И если подводная лодка выходит в поход с боевыми торпедами — значит война уже объявлена? Иван Петрович лишь плечами пожал — задача боевая. То есть, будем врага топить. А он нас, будет стараться.
Лида Ч. мечтала, чтобы война началась — и нас разбили. После чего, по ее разумению, «цивилизованный мир научит нас демократии». Подобно тем интеллигентам, кто слали поздравления микадо «с победой японского оружия». Но я-то не интеллигентка, и никогда ей не была. Пусть большевики, подобно простонародью, не делали различия между интеллигенцией и дворянством. Интеллигент не служит никому, кроме себя — а для дворянина же свобода означает, свободу выбора, кому служить. Интеллигент не обременяет себя понятием чести, руководствуясь исключительно разумом (и целесообразностью) — для дворянина поступить бесчестно, даже перед самим собой, недопустимо. Знаю, что дворяне старой империи были далеки от этого идеала — потому и стала возможной большевистская революция. Но каждый отвечает за себя.
Каждый выбирает по себе -
Женщину, религию, дорогу.
Дьяволу служить или пророку —
Каждый выбирает по себе.
Эта песня, которую я вчера слышала здесь, в кают-компании, тоже сыграла свою роль. Лида Ч могла думать что угодно — но эти люди, уходящие в смертельный бой, были сейчас
— Иван Петрович, я хотела бы остаться — ответила я — и обещаю, что вас не стесню.
Командир корабля выглядел ошарашенным. Но заявил — разрешу, если штаб дозволит. Если не получу «добро» до завершения перегрузки торпед — простите, но тогда марш на «Сухону». Вы понимаете, что мы на войну идем — и можем не вернуться?
— Понимаю — ответила я — но насколько вижу, в этой войне в штыковую бежать не надо. Так что я вас не обременю.

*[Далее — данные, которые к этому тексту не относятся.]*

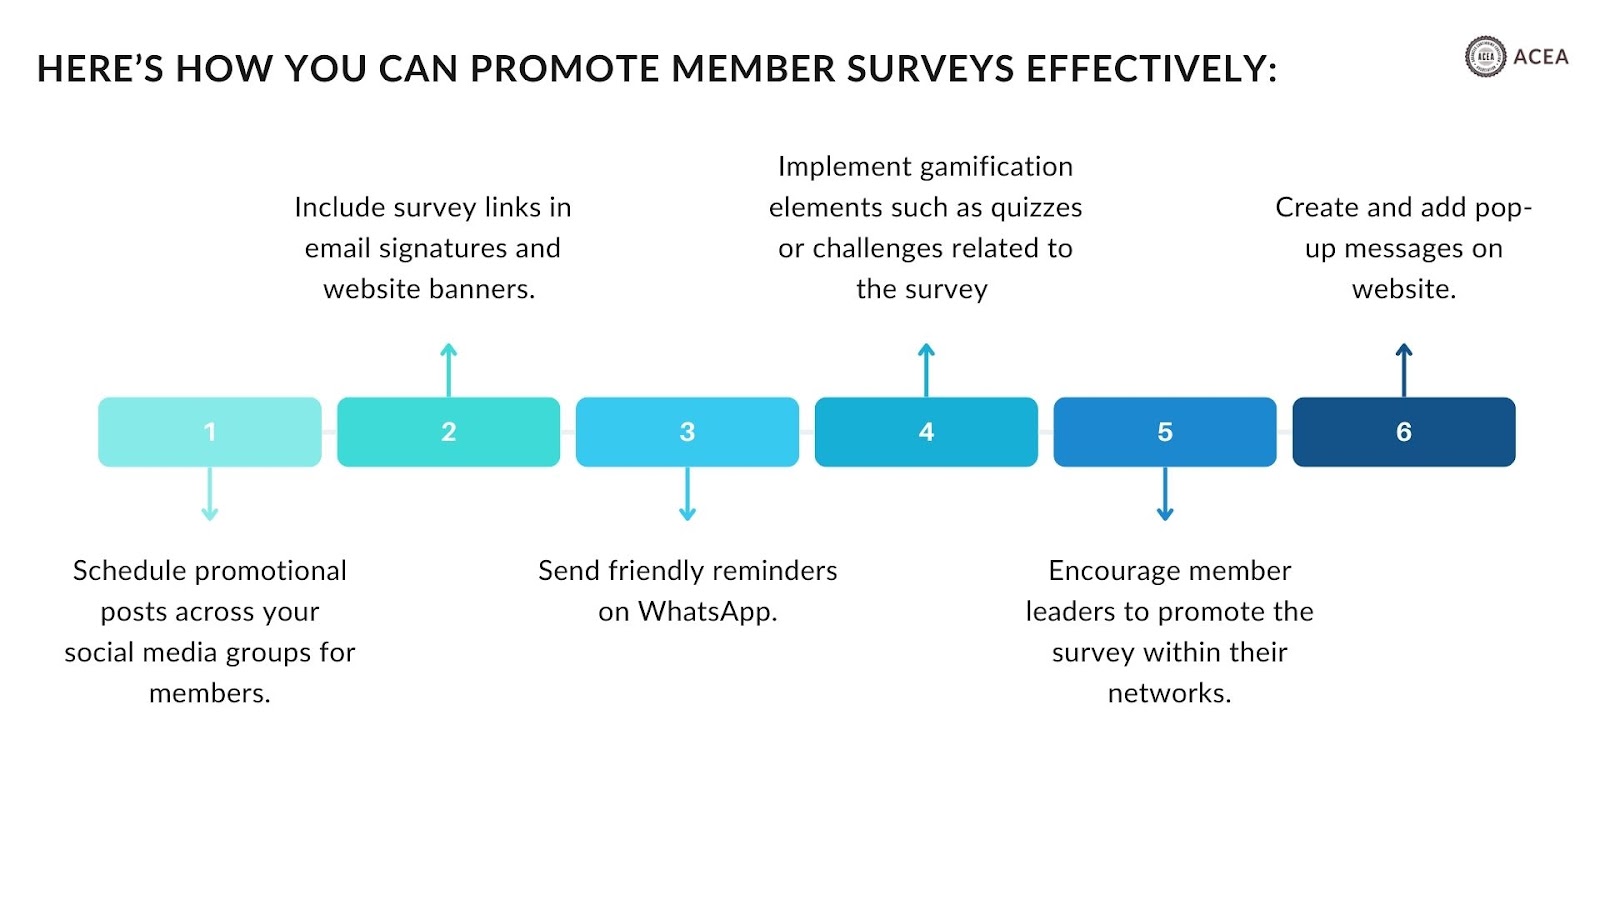 Promote member surveys effectively

Наконец пришел ответ. Штаб не возражает (подозреваю, что и тут без Лазаревой не обошлось?), однако вопрос с нашим статусом на борту. Прикомандированные от политотдела флота — но и таковыми могут быть лишь те, кто принял Присягу. Тогда что я должна делать?
Все было просто. В командном посту подводной лодки я стояла перед Иваном Петровичем, и повторяла слова. Принимаю Присягу и торжественно клянусь. А ведь Присяга не может быть отменена — сохраняя силу, пока жива я, и существует СССР. Царь Николай Второй, отрекшись, сам аннулировал присягу себе. Представить на его месте Сталина было невероятным. Вот и все — теперь я считаюсь на службе у Красной Империи, до конца своих дней. А что скажет Лида — мне без разницы.
И даже если мне суждено не вернуться? Как — «с якоря в восемь, курс ост». Что ж, это будет наверное, более достойным завершением жизненного пути, чем умереть в своей постели?
Тем, кто отбросив щит, клинок остановит рукой
Тем, кто не спрячет лица в смертельном бою.
Тем, кто знает, что уже не вернется домой
Тем, кто идет на смерть, эту песню пою…
И был поход К-25. И мне довелось участвовать в морском бою. Наверху был вражеский флот — авианосец, крейсер, восемь эсминцев. А здесь, в глубине — напряжение, рубленые слова команд, и лица витязей, идущих в смертельный бой. Или воинов дружины Одина, вырвавшихся из Валгаллы. Насколько я могла понять, мы подкрались незамеченными на глубине, ударили торпедами, и отскочили — и после доклада, «цели номер один и два поражены», не стали убегать, а вертелись вокруг оставшихся вражеских кораблей, готовясь к повторной атаке. Я, не в силах разобраться в мелькании значков на экране, пыталась представить, как Иван Петрович — царь и бог здесь, все исполняют его приказ, и весь корабль, это как продолжение его руки — рассчитывает маневр, а эсминцы наверху пронзают море локаторами и готовы выпустить в нас торпеды, и сбросить глубинные бомбы. Но мы не дали себя обнаружить, и снова атаковали. И три цели уничтожены. И снова в бой.
Так мне довелось увидеть, каковы мужчины-воины, в настоящем сражении. А не как они рассказывают о том за столом или на балу!
От диких фьордов, от гулких скал,
От северных берегов.
Норманский ветер ладьи погнал,
Надул щиты парусов.
В Валгалле Один пиры вершит,
Валькирий тени кружат…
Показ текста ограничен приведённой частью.